A Fitness Program: Why It’s Important and What to Include

Ever feel like you’ve reached a plateau that you can’t break through on the ways to your fitness goals? Or have you ever woken up one morning and realized somehow you’ve become woefully out of shape? You’ve probably made the same mistake of many other amateur athletes: failing to implement a training regime.

Most climbers recognize that they are in need of a better exercise routine, but many don’t know how to approach exercise or begin improving their physical fitness. Starting any training program can be a daunting endeavor, and it can be easy to feel overwhelmed by your fitness goals. Having a well-rounded plan can prevent you from feeling overwhelmed, and can speed your progress towards those lofty fitness goals you’ve set for yourself.

The following are a few things to keep in mind when designing a training schedule for yourself, no matter your fitness levels the following guidelines should be an integral part of any good training program.


Most athletes, regardless of their sport, have a period in the season where the overall volume of their training is very high. For example, at the start of track season runners often have a “base building” time period where they put in many more miles than they will late season. Having some days/weeks/months where you climb a high volume of routes will help establish a foundation of fitness for later training periods.

Establish days where you plan on climbing more routes than you usually do. Maybe that’s 10 pitches for you, maybe it’s 30. Climbing lots of easy or moderate routes will increase your muscular as well as cardiovascular endurance, giving you a foundation for more intense routes later.

Strength and Power

Generally people think of weightlifting when the conversation turns to strength or power, but many climbers use bouldering to increase their strength.

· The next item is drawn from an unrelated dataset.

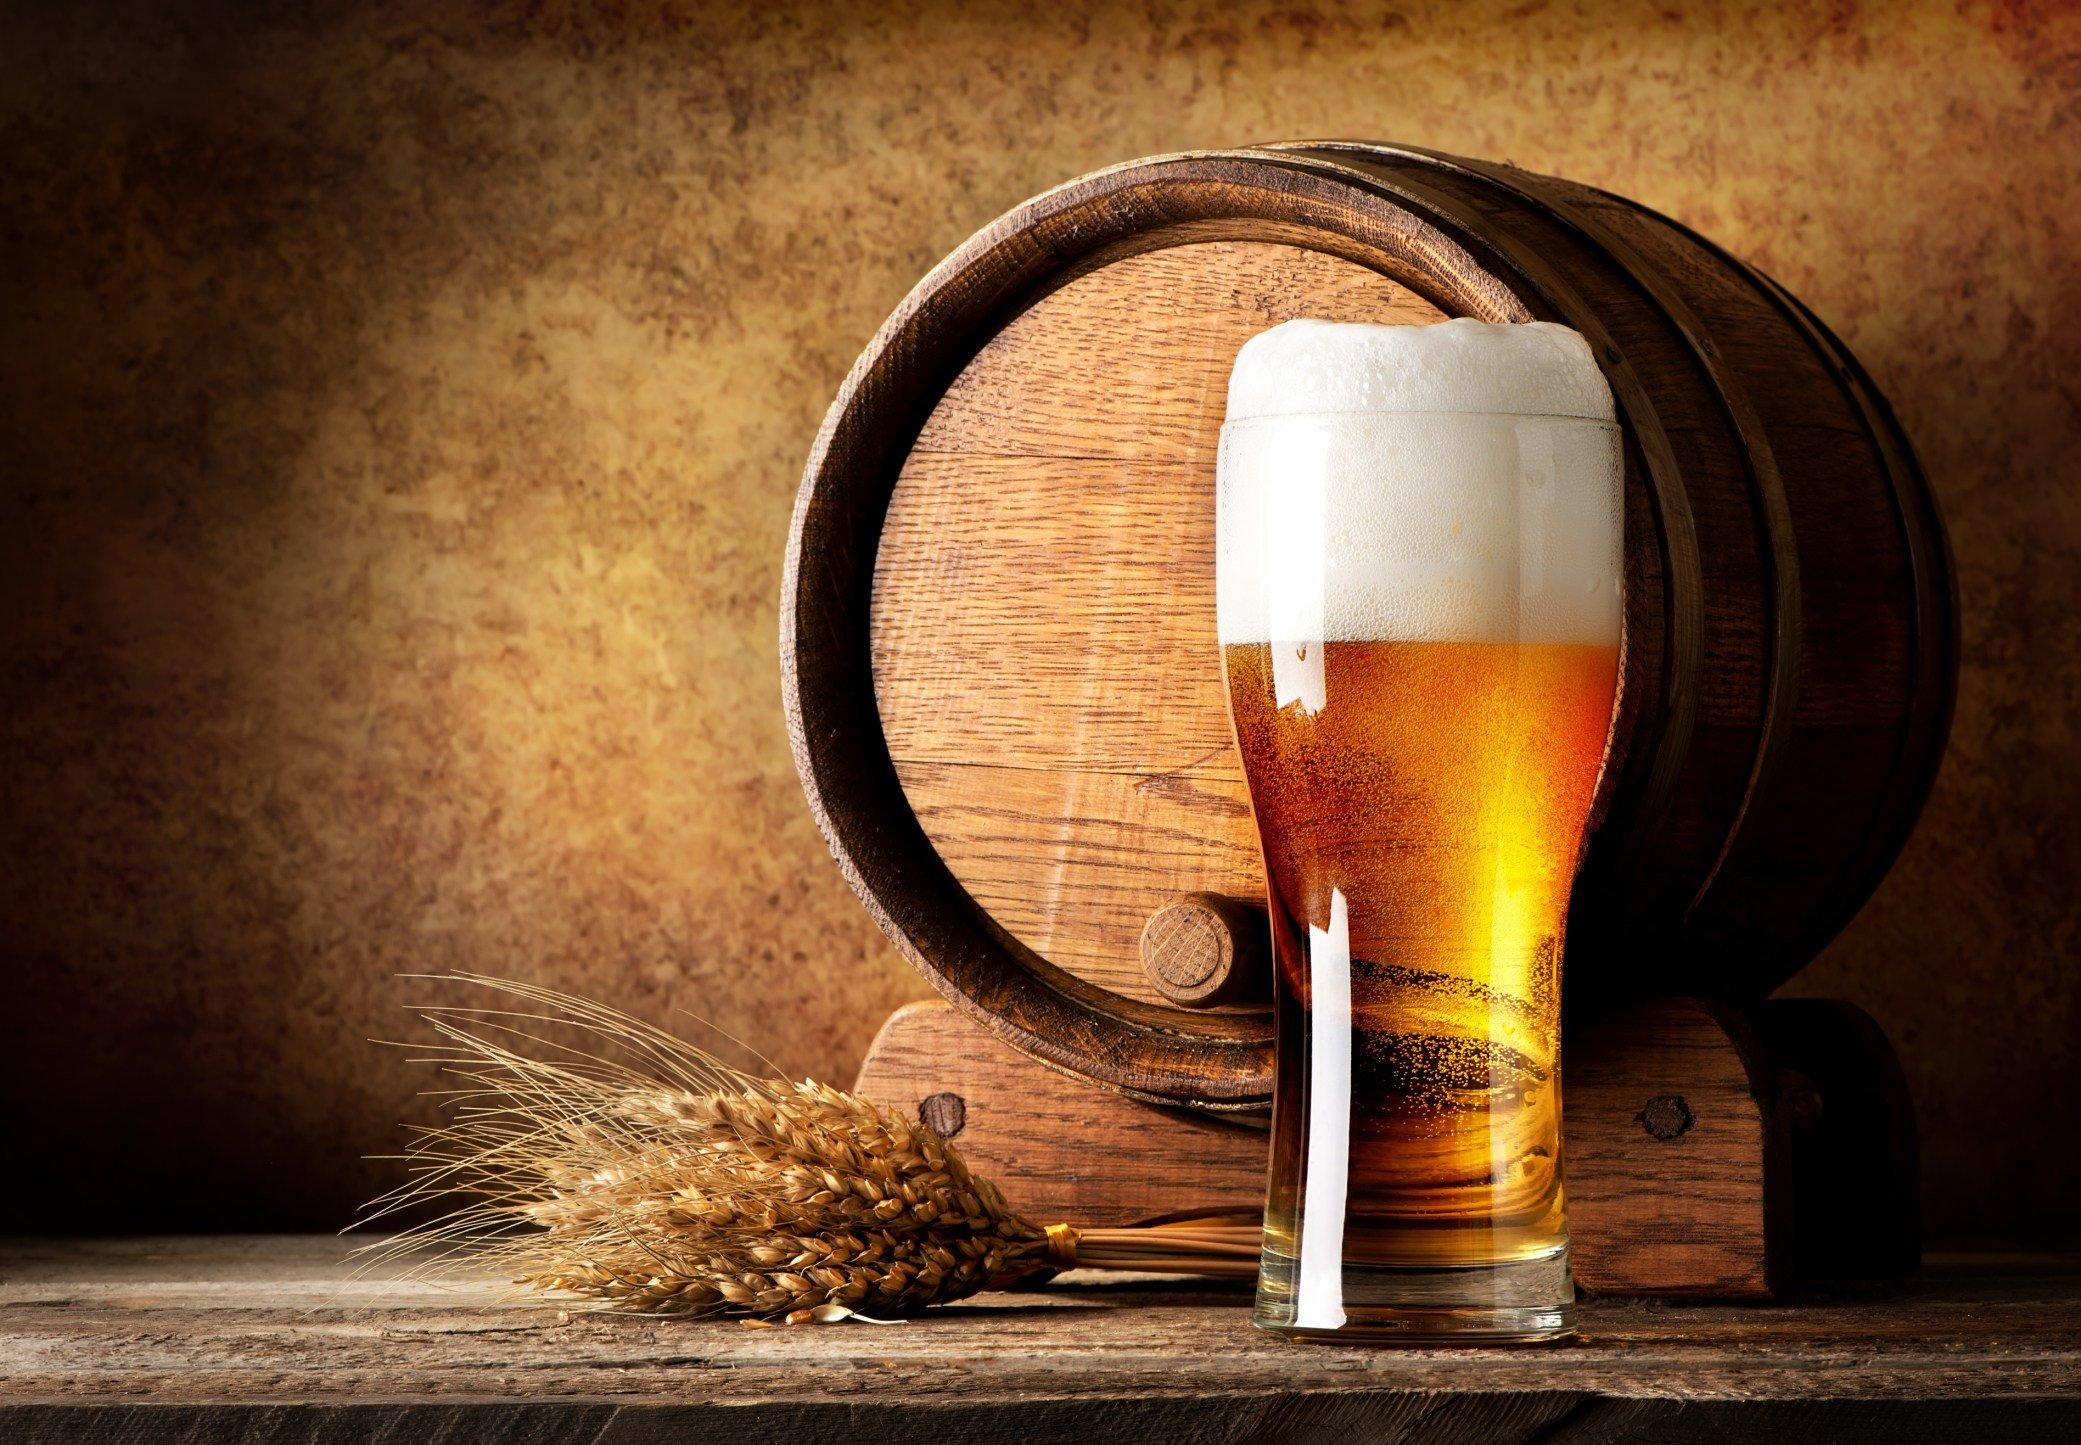 cerveja 0 300x208 - Nutricionistas explicam: Uma lata de cerveja tem as mesmas calorias de um pão francês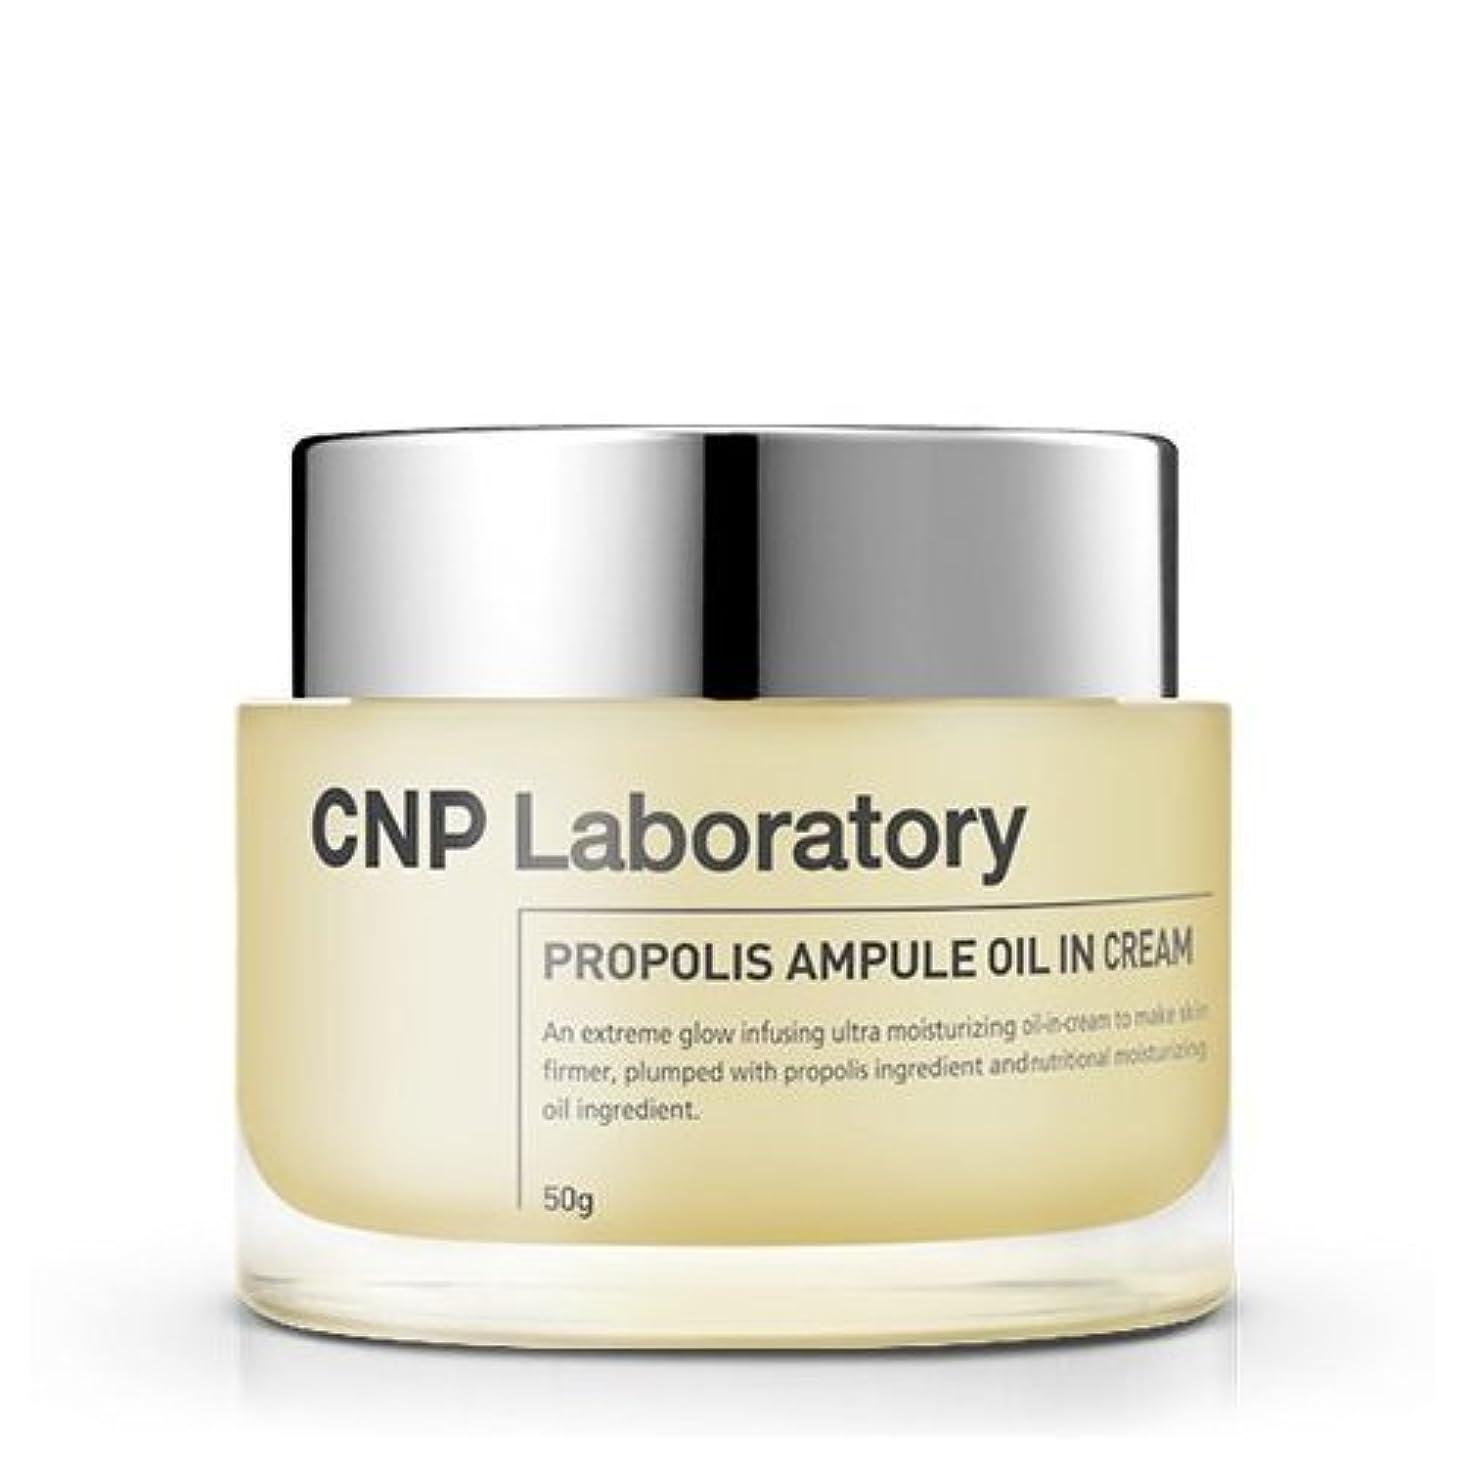 ゾーンギャンブル通りCNP Laboratory プロポリスアンプルオイルインクリーム50ミリリットル

Runners don’t necessarily need to life weight to increase their power output, but they do run sprints. Bouldering is the climber’s equivalent of running sprints and serves as a fantastic way to increase your strength. Climbing a V2 is roughly the equivalent of 5.11a, so spend some time solving bouldering problems and suddenly the crux of that 5.10 won’t seem so intimidating.

Rest Days

Your body isn’t stronger after a workout, it only becomes stronger after it has had time to recover from the previous workout. Therefore training 7 days a week might be exceptionally detrimental to your climbing and fitness. Pressing on day after day will never give your muscles a time to recover, eventually causing a plateau in performance and maybe leading to an injury.

There are a number of factors that dictate when it’s time to take a rest day. It largely depends on your fitness levels and listening to what your body is telling you. If you find yourself feeling wrecked from the previous days workout, don’t feel like a quitter for taking a rest day. Just don’t mistake laziness for needing a rest.


People often worry more about the type of gas they put in their car than the type of food they put in their body. Well your body is the only vehicle you’re stuck with for life. Poor athletic performance, or a plateau in performance, might be a reflection of the dietary decisions you have been making. Consider consulting a dietitian, everyone can learn something from a registered dietitian.

Let’s keep it simple: avoid fast food, soda, candies, and other cheap but appealing products. Common sense works wonders here, you can probably take a guess at whether or not something is healthy. Cut alcohol out of your diet (gasp), as it has a negative effect on the ability of muscles to recover from exercise (Evelyn, 20014). Remember you can’t eat too many fruits or vegetables, and you’re probably not eating enough as it is. Less than half of Americans are consuming their recommended amount of fruits or vegetables (Guenther, 2006).

Make healthy eating a habit, your long term health and fitness will only benefit.


The best training programs in the world won’t work if you don’t keep committed to your goals. You might climb hard five days this week, but that progress will be lost if you take a month off. Yes life is going to derail your training plans sometimes, that’s just how life is. Don’t let laziness prevent you from getting to the gym or out to the local crag. The easy option is to watch tv, sleep in, and skip a workout. But the easy option is not going to move you towards your fitness goals. You might need to wake up early and get some climbing in before work, or sneak off to the gym after the kids are asleep. There will be plenty of things that force you to take rest days you didn’t need/want (family emergencies, getting sick, etc.), don’t let laziness bring you more than you need.

Being inconsistent is the #1 reason for being out of shape, or failing to achieve your goals. Toughen up, go for a climb, repeat. Make working out a priority, and receiving your daily exercise a habit.

Let’s be real though, climbing is a lot more fun than your typical workout. Climbing athletes shouldn’t need that much inspiration to get out of bed and send some routes.


Obviously this isn’t a comprehensive training program for you to follow, a checklist to critique your current habits. Ask yourself some questions:

  • Are you getting some high volume days in at the gym or crag?
  • Do you boulder to improve your strength?
  • Are you taking enough rest days, and sleeping well every night?
  • Have you been eating whole grains, fruits, vegetables, and lots of protein?
  • Have you honestly been training on a consistent basis?

If you can look back on your past six months of climbing and answer yes to all these questions, you’re probably doing okay for yourself. If you answered no to any of these questions it might be reflective of a hole in your training regime.